Weekly status #128


Weekly status for the week of the 9th December to the 15th of December.

Introduction

This past week’s LXD focus was still on the initial VM feature and its associated storage layer re-work.

It was also a deadline for a number of contributions coming from students at the University of Texas in Austin. Many of those contributions are still under work/review but some got merged this week. This includes laying the ground work required for LXD to use nftables firewall, support for abstracting cgroup v1/v2 and a new way to track external processes (such as dnsmasq and forkprox).

On the VM front two security improvements have been added; firstly the VM processes on the host are now chrooted to their own directory, and secondly they are run as a non-root user. We have also ensured that the 9p share inside the VM that is used by the lxd-agent is mounted in such a way that prevents non-root users in the VM from accessing the share files (as it contains a private TLS key identifying the VM that will be used when communicating with the host).

On the storage front, the directory and cephfs drivers are now finished, the btrfs driver is undergoing review and we are continuing to work on porting the other storage drivers to the new framework.

On the LXC front, works has continued on refactoring the cgroup management functionality as we work towards cgroup2 support.

Contribute to LXD

Ever wanted to contribute to LXD but not sure where to start?
We’ve recently gone through some effort to properly tag issues suitable for new contributors on Github: https://github.com/lxc/lxd/labels/Easy

You can also find a slightly longer, more detailed list here: Contributing to LXD

FOSDEM 2020 - containers devroom

We will once again be running the containers devroom at the upcoming FOSDEM conference in Brussels, Belgium. This year it’s going to be over the weekend of the 1st and 2nd of February.

The detailed call for papers can be found here: FOSDEM 2020 containers devroom: Call for papers

Upcoming events

Ongoing projects

The list below is feature or refactoring work which will span several weeks/months and can’t be tied directly to a single Github issue or pull request.

  • Virtual machine support
  • Rework of internal LXD storage handling
  • Distrobuilder virtual machine support
  • Various kernel work
  • Stable release work for LXC, LXCFS and LXD

Upstream changes

The items listed below are highlights of the work which happened upstream over the past week and which will be included in the next release.

LXD

LXC

LXCFS

  • Nothing to report this week

Distrobuilder

  • Nothing to report this week

Distribution work

This section is used to track the work done in downstream Linux distributions to ship the latest LXC, LXD and LXCFS as well as work to get various software to work properly inside containers.

Ubuntu

  • Nothing to report this week

Snap

  • Nothing to report this week

When the next version of LXD with nictype=routed will be released?

Hi, this will be in LXD 3.19, its already merged and in the edge snap if you want to try it early (although the edge has schema changes so don’t roll it out to a production system yet).

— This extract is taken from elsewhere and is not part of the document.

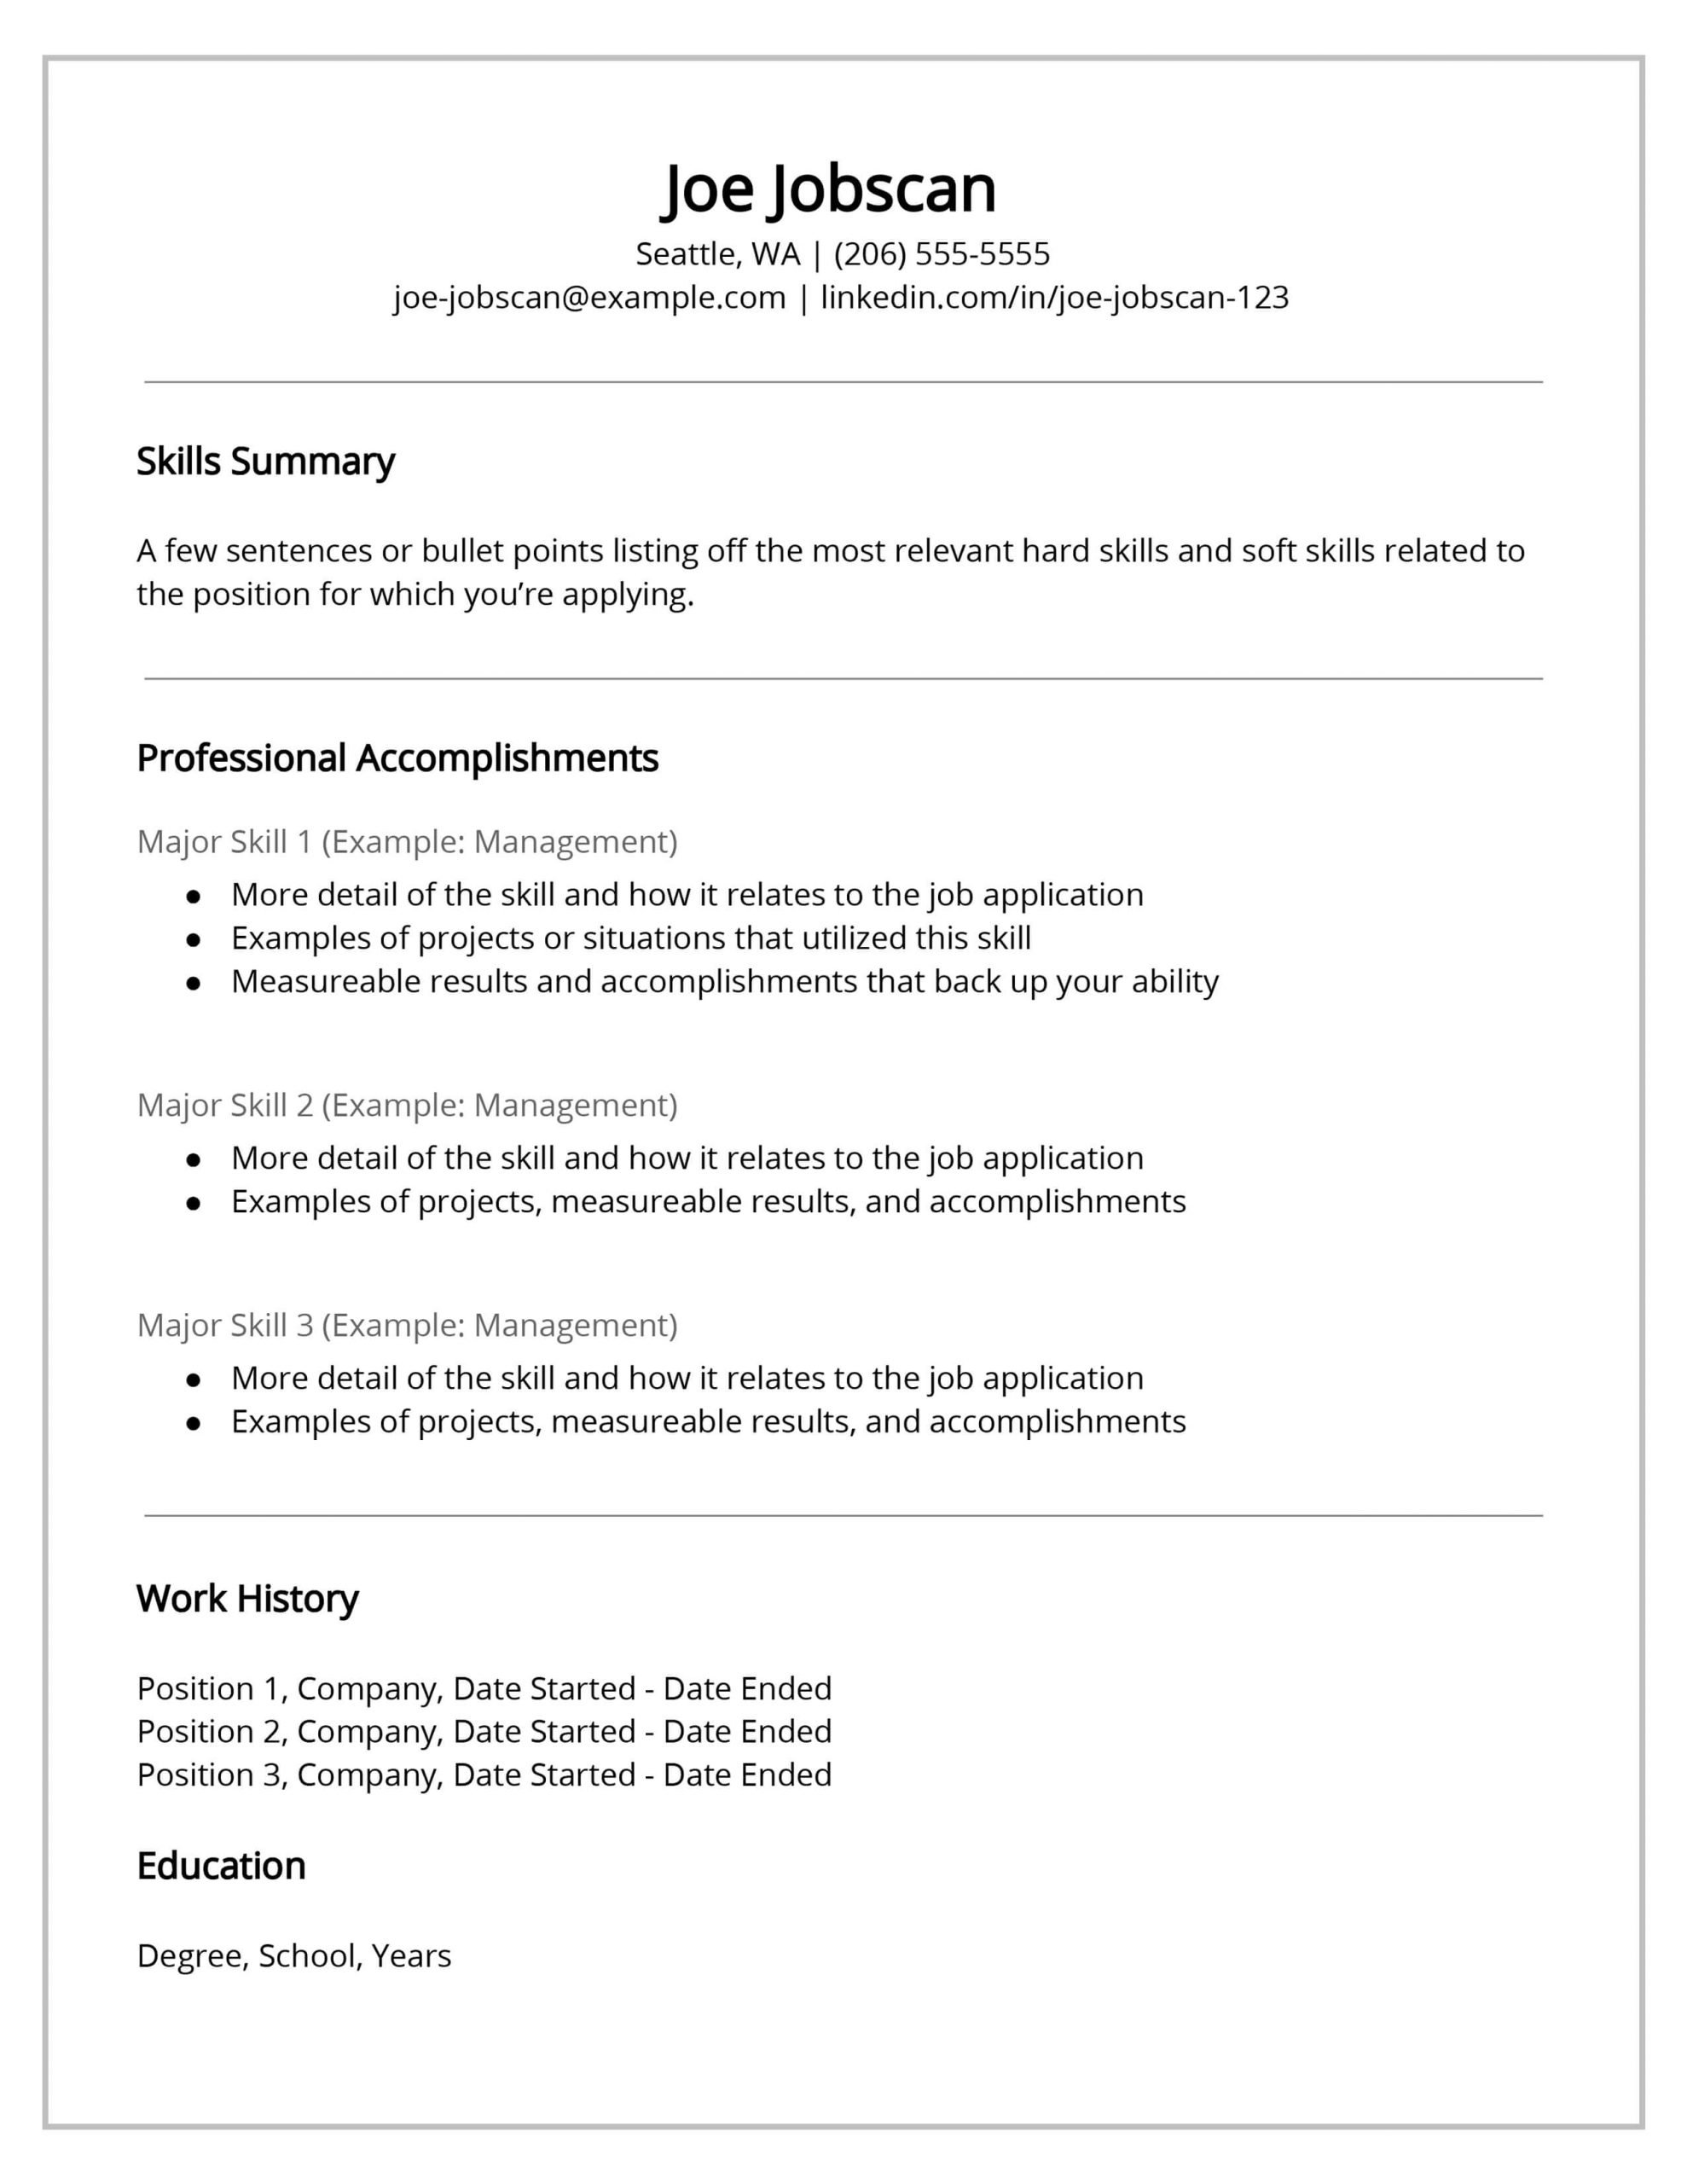 Job Resume Format for 2018

We were initially hoping to release LXD 3.19 by the end of the year, but given most of the LXD team will be off for the next two weeks and 3.19 has a LOT of changes, we figured waiting until early next year when we’re all around to handle any upgrade issues is probably a better bet.

If you have a test system you want to try things on, the edge channel is a good way to see what’s coming. Do note however that given we have done a number of database changes, you will not be able to move from edge back to stable until the day we release 3.19, so using a separate system is recommended.

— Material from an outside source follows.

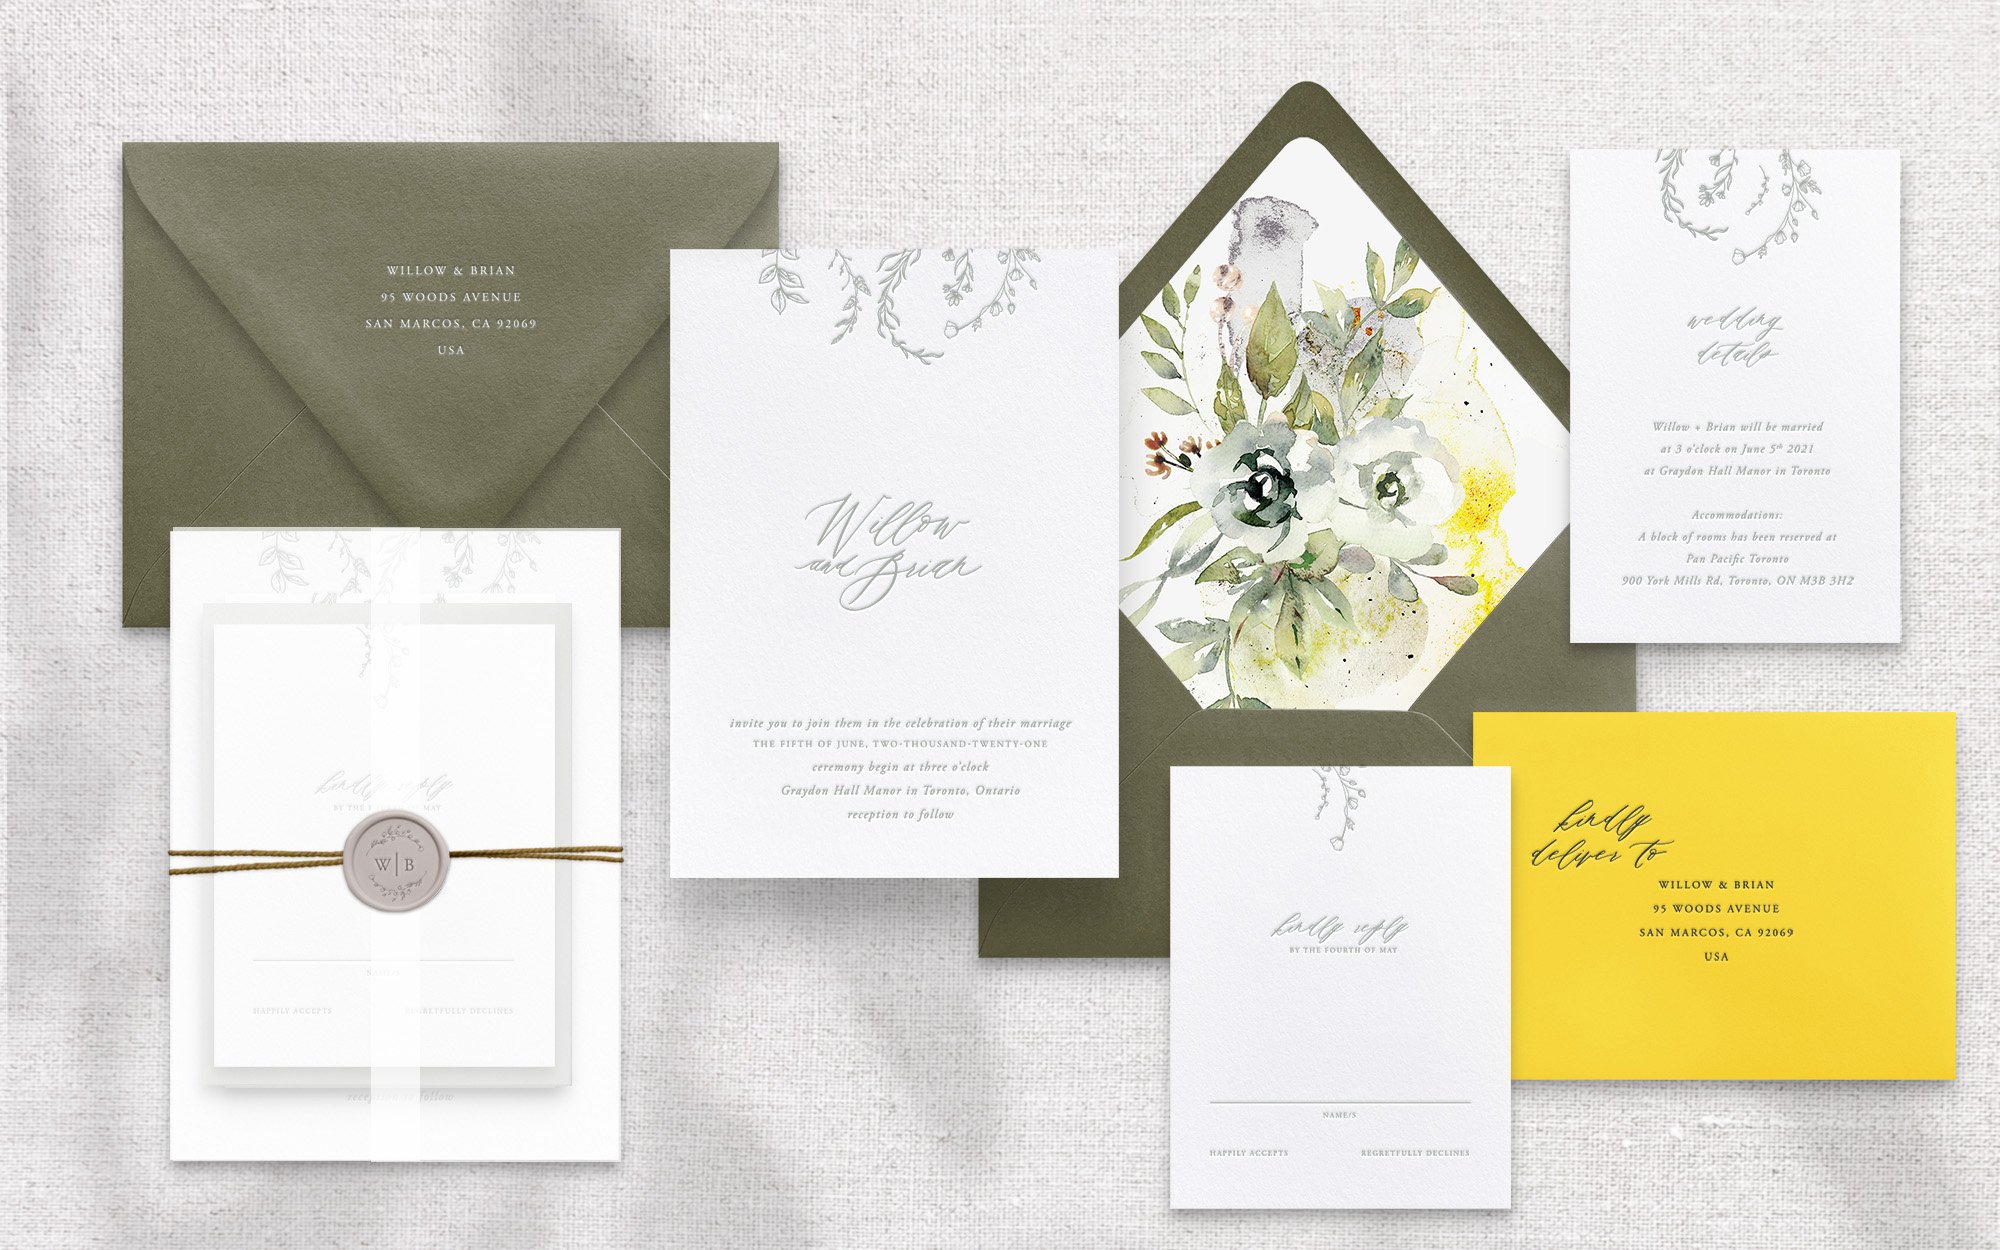 Wedding Collection semi-custom invitations - Wild Collection@1x.jpg

This is actually what I was talking about when requesting 1.18.1.
Newer release has lots of changes and hopefully will not break older functionality.

I would like to suggest LizardFS would make a useful shared storage driver. It’s like Ceph but much easier to setup for the layman. (Like me!) You can literally run LizardFS on anything, in containers, (LXD), on R-Pi, …

I’m thinking it could be good choice for small scale live migration situations.

If I had the code ability I would like to look into this myself if it were feasible but I’m a bit of a newby, only cobbled together bits of python before and not delved into GoLang. My day job is Networking and Infra so I’m not a natural coder!.

For the record, OpenNebula has the ability to use LizardFS as a datastore backend for VM’s so I think it should be possible.